EXERCISE DETAILS
Please output the data exactly, minus pictures.

DATA BELOW

_ _ _ _

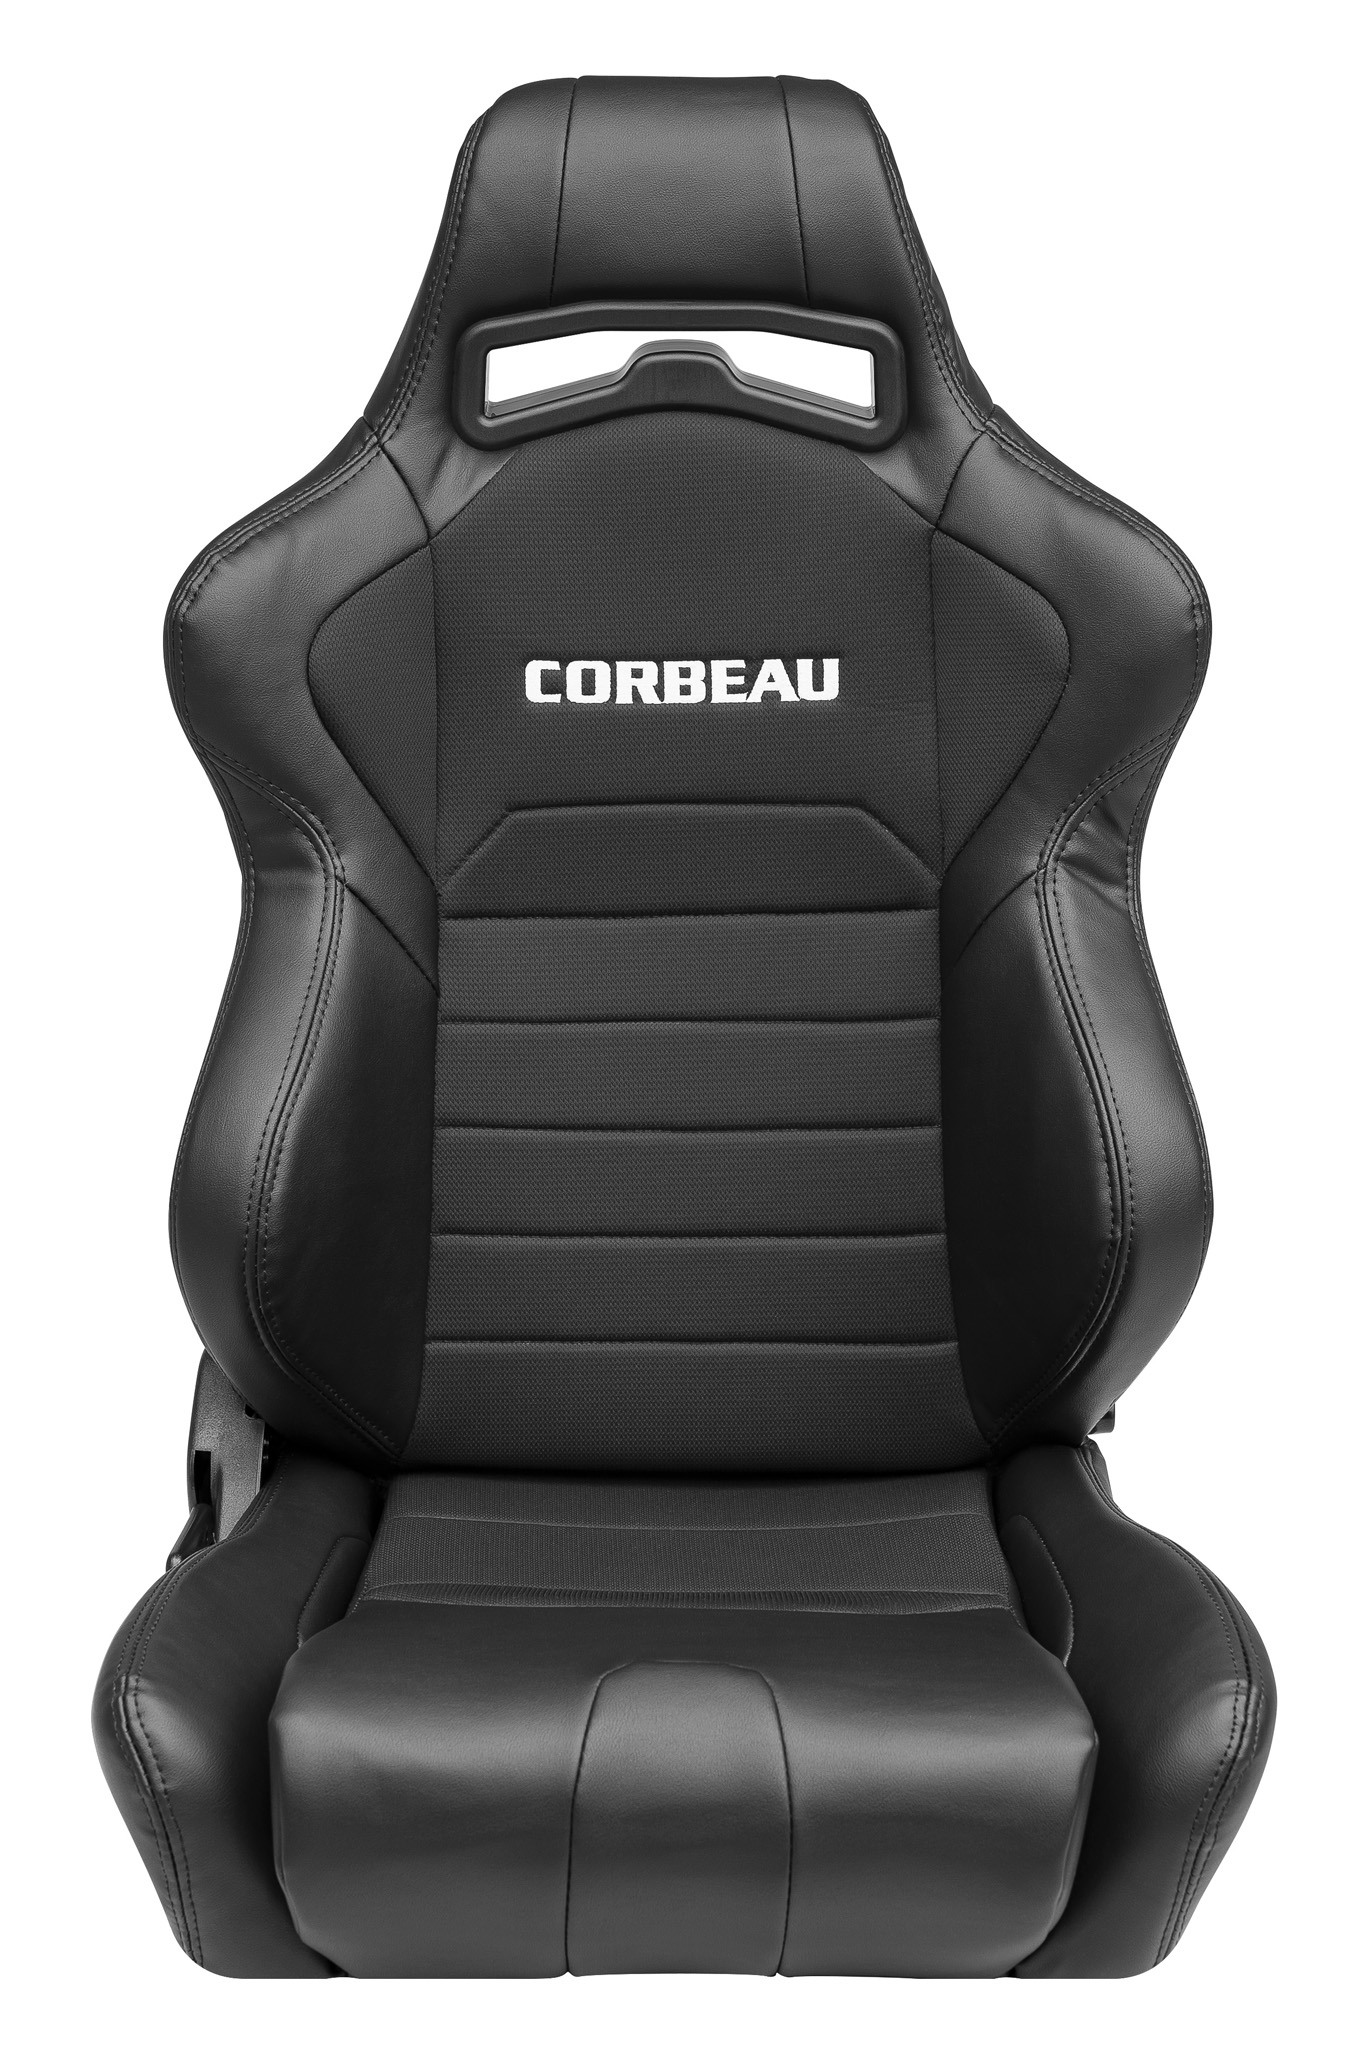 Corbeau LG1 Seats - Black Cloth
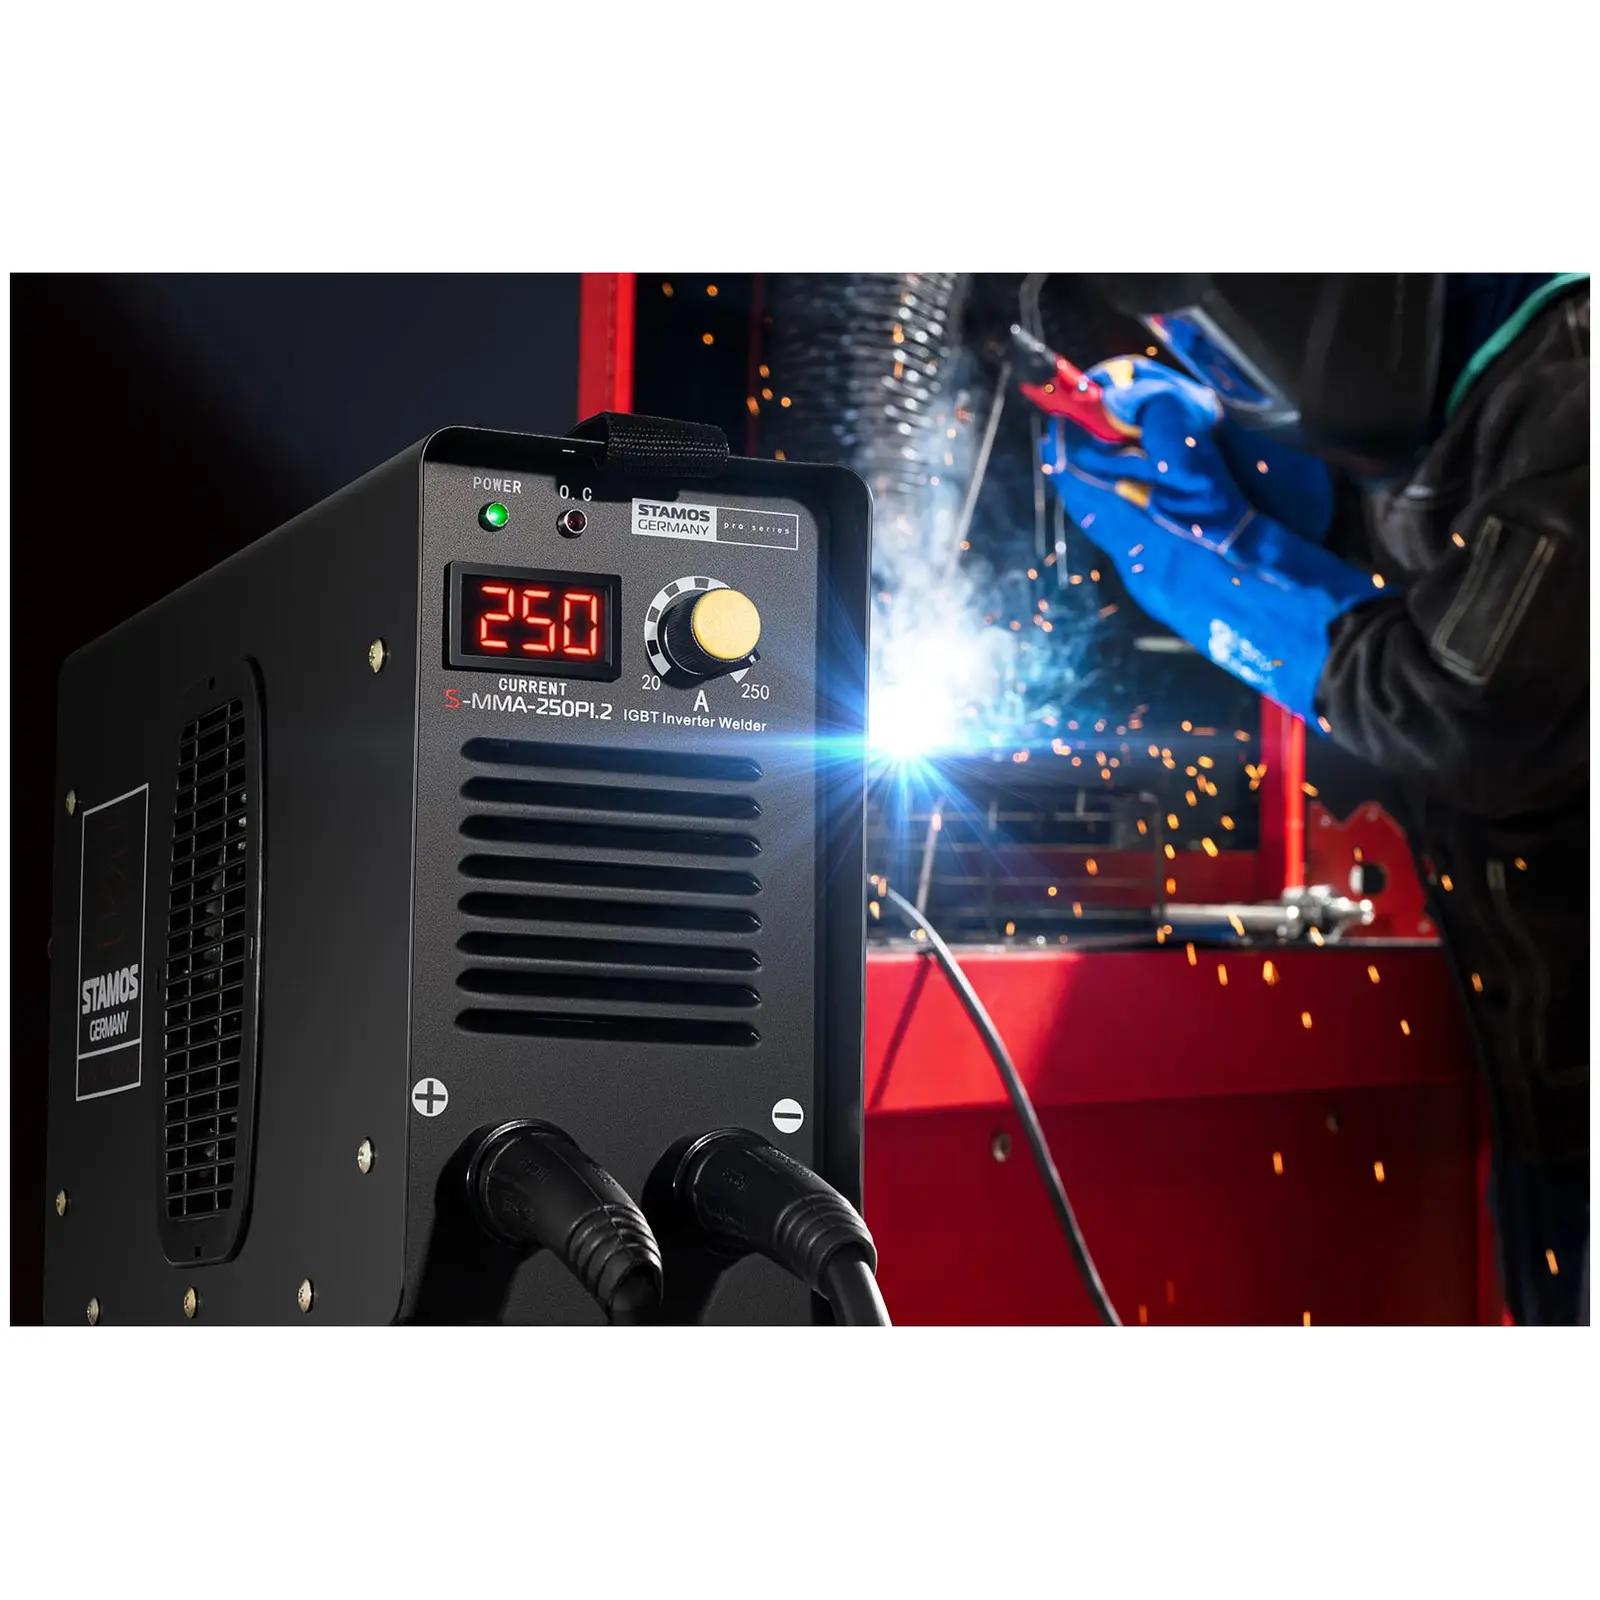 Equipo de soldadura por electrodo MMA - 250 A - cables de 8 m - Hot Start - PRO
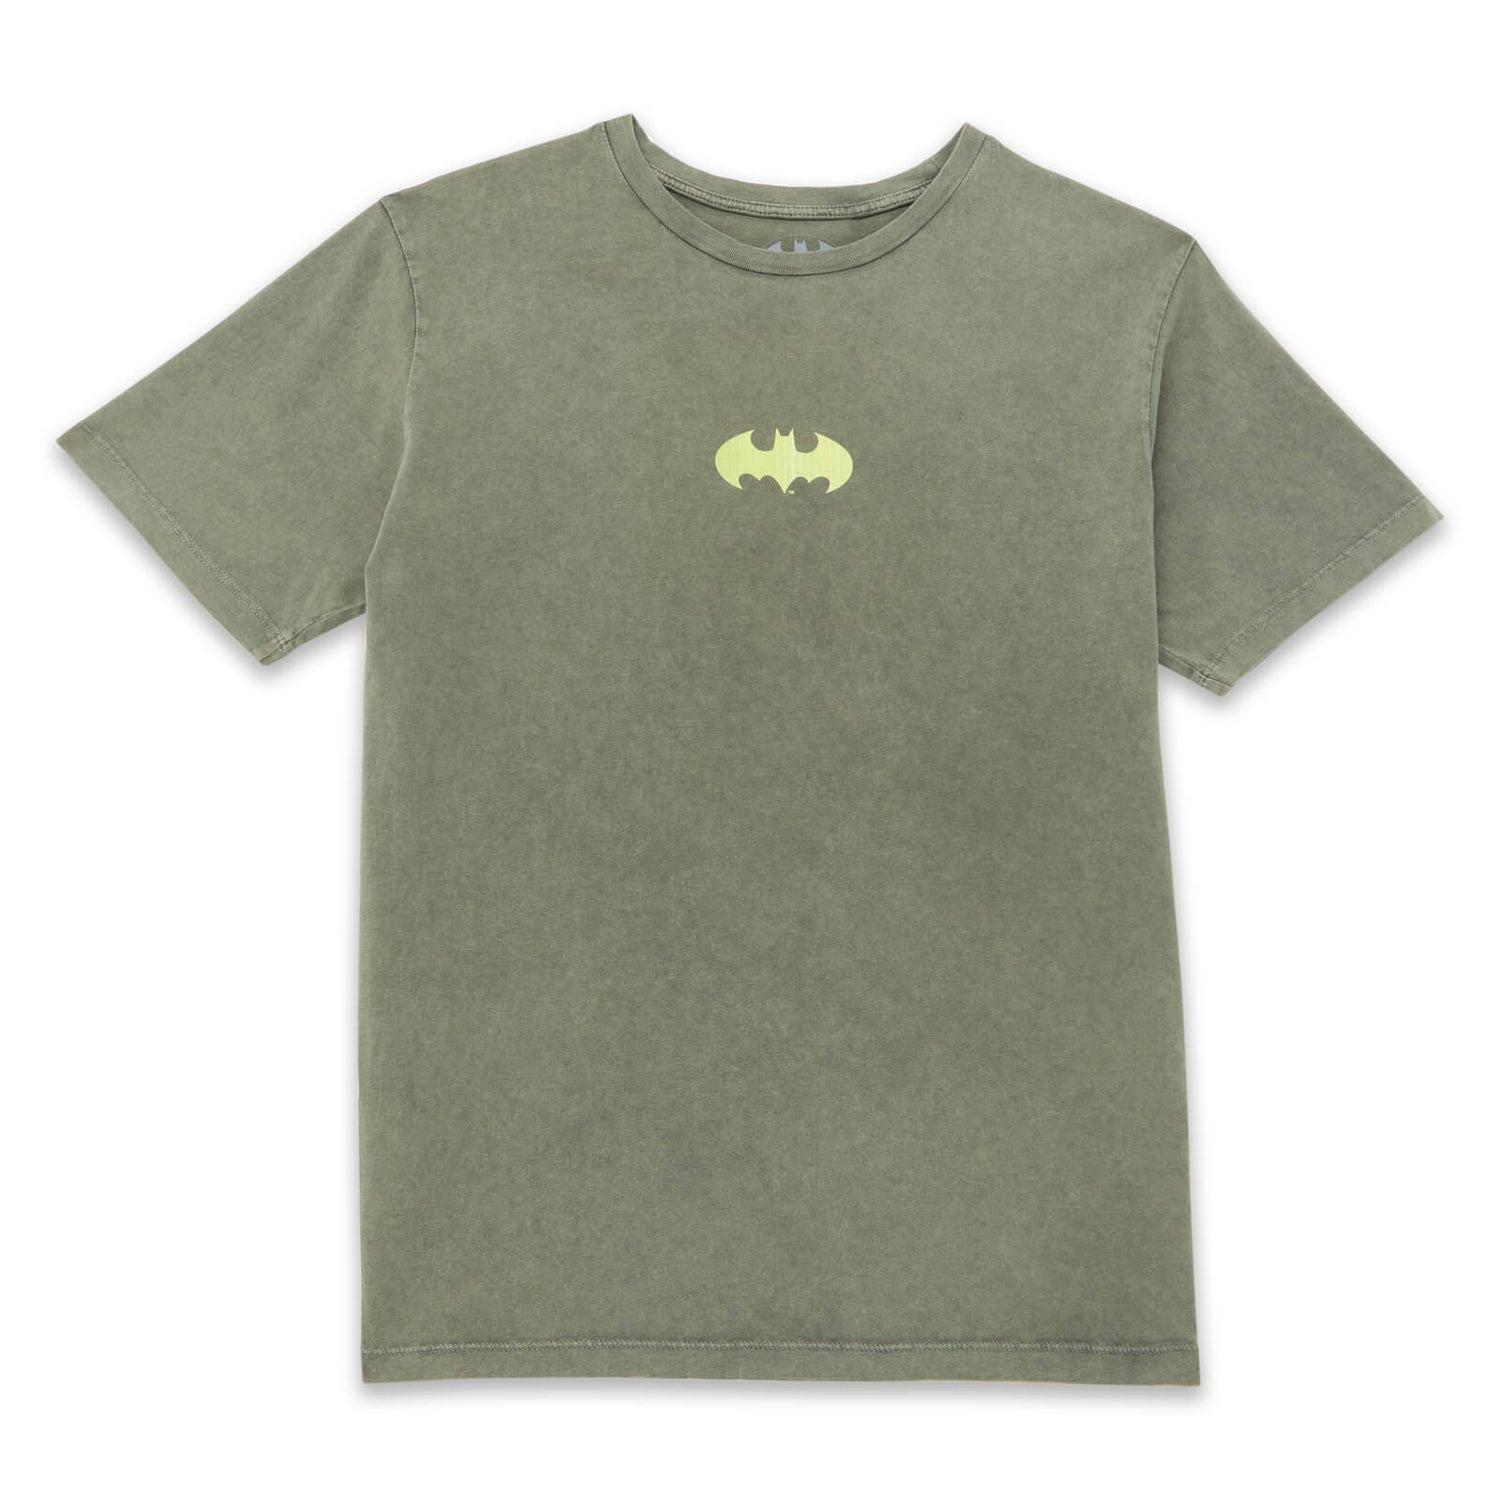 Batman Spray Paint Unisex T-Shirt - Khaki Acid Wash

_ _ _ _

REPLY
 Corbeau LG1 Seats - Black Cloth
 Equipo de soldadura por electrodo MMA - 250 A - cables de 8 m - Hot Start - PRO
 Batman Spray Paint Unisex T-Shirt - Khaki Acid Wash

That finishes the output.